Estonia signing agreement with India for the prevention of double taxation
On September 19, 2011 the Government of the Republic of Estonia and Government of the Republic of India signed an agreement for the prevention of double taxation and fiscal evasion with respect to taxes on income. For enforcement of the agreement, it must be ratified in the Parliament of Estonia.
Agreement basis on OECD Model Tax Convention on Income and on Capital, but it has been changed in some measure followed from need of communication between India and Estonia. Purpose of the treaty of avoiding double taxation is to predispose international investments and interstate trade, also free movement of people and technology. To gain the purpose, the treaty regulates the division of tax assessments right between contracting parties, enacts preventing of discriminative imposition of taxes and obligation of blocking tax avoidance.

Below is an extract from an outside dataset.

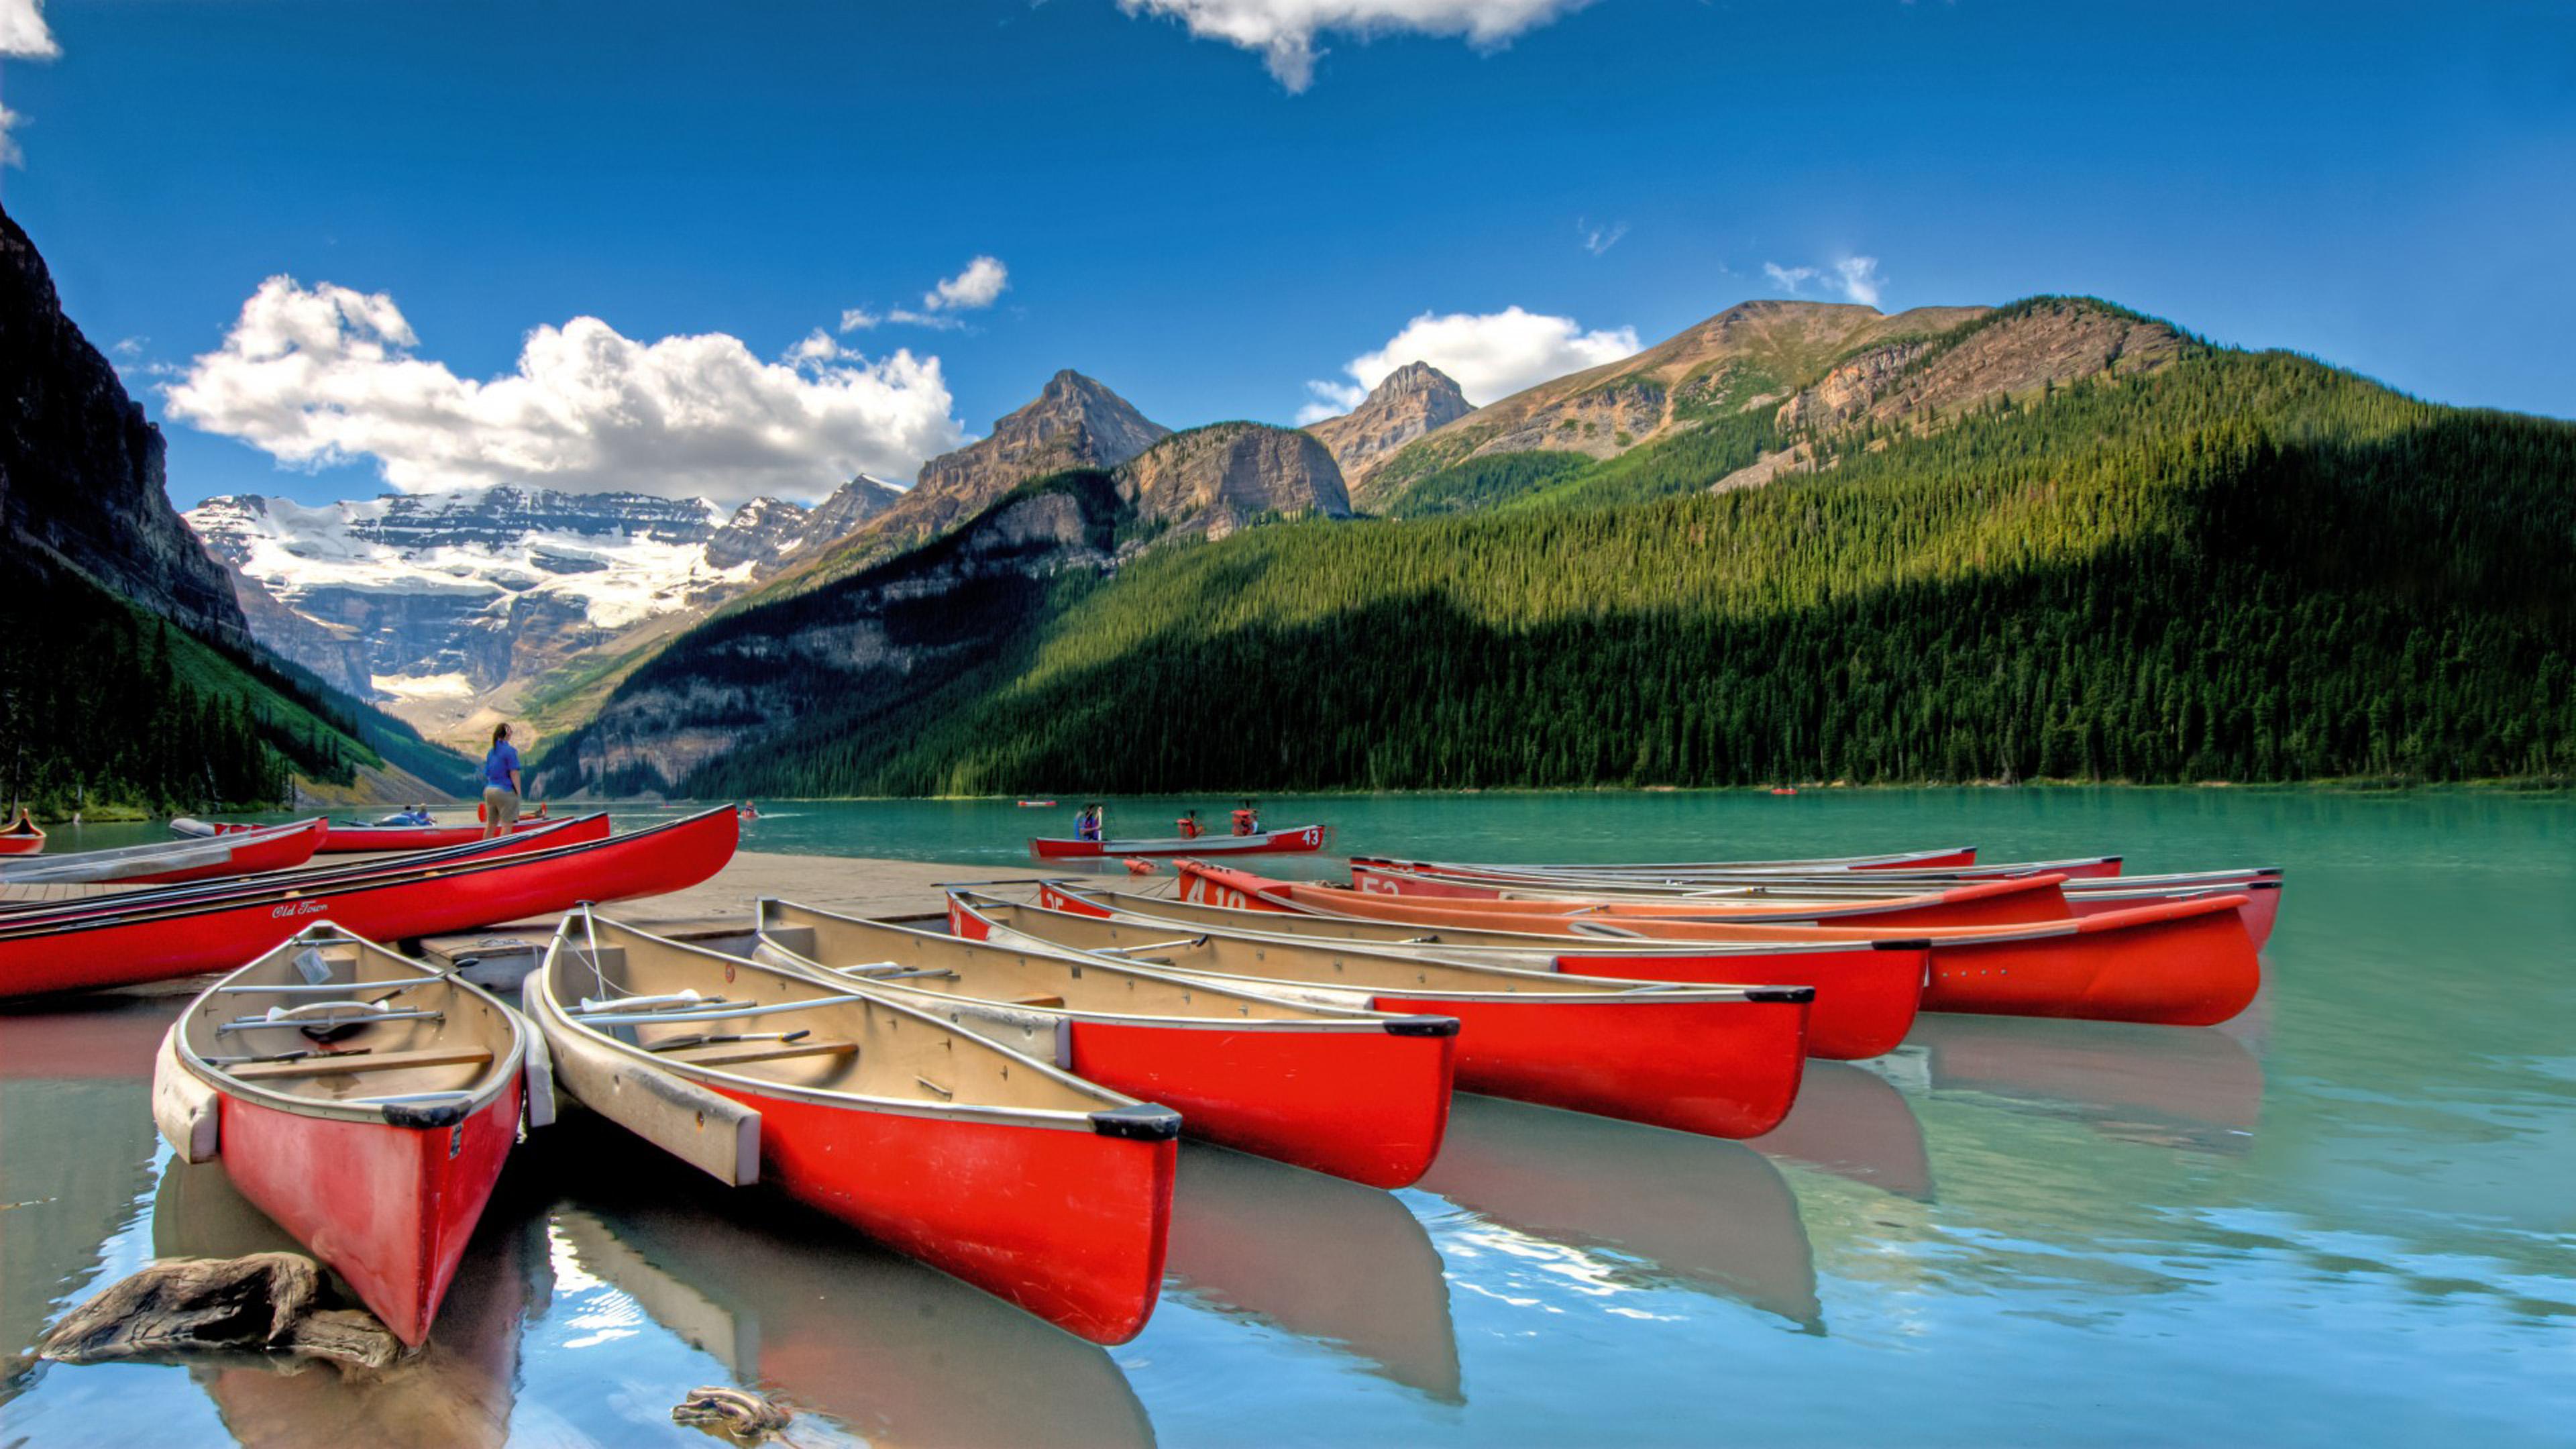 Lake Louise Is A Hamlet In Alberta Canada Banff National Park Marina Mountains Canoeing Desktop

Treaty restricts the right of tax assessment of the contracting state, by implication, contracting state gives over the part of the tax revenues to the other contracting state and conversely.
Agreement establishes better conditions for undertakers and helps to make economic and business cooperation between India and Estonia more effective.
Estonia has effective double taxation avoidance treaties with Finland, Sweden, Denmark, Norway, Latvia, Lithuania, Poland, United Kingdom of Great Britain and Northern Ireland, Iceland, Czech, Canada, Ukraine, Germany, Belarus, Netherlands, Italy, France, Ireland, United Kingdom of America, Moldavia, China, Kazakhstan, Belgium, Austrian, Armenian, Malta, Croatia, Switzerland, Hungarian, Portugal, Turkey, Spain, Romania, Slovakia, Slovenia, Luxembourg, Georgia, Singapore, Greece, Azerbaidzhan, Bulgaria, Macedonia, Israel, Mani island, Serbia, South-Korea, and Albany.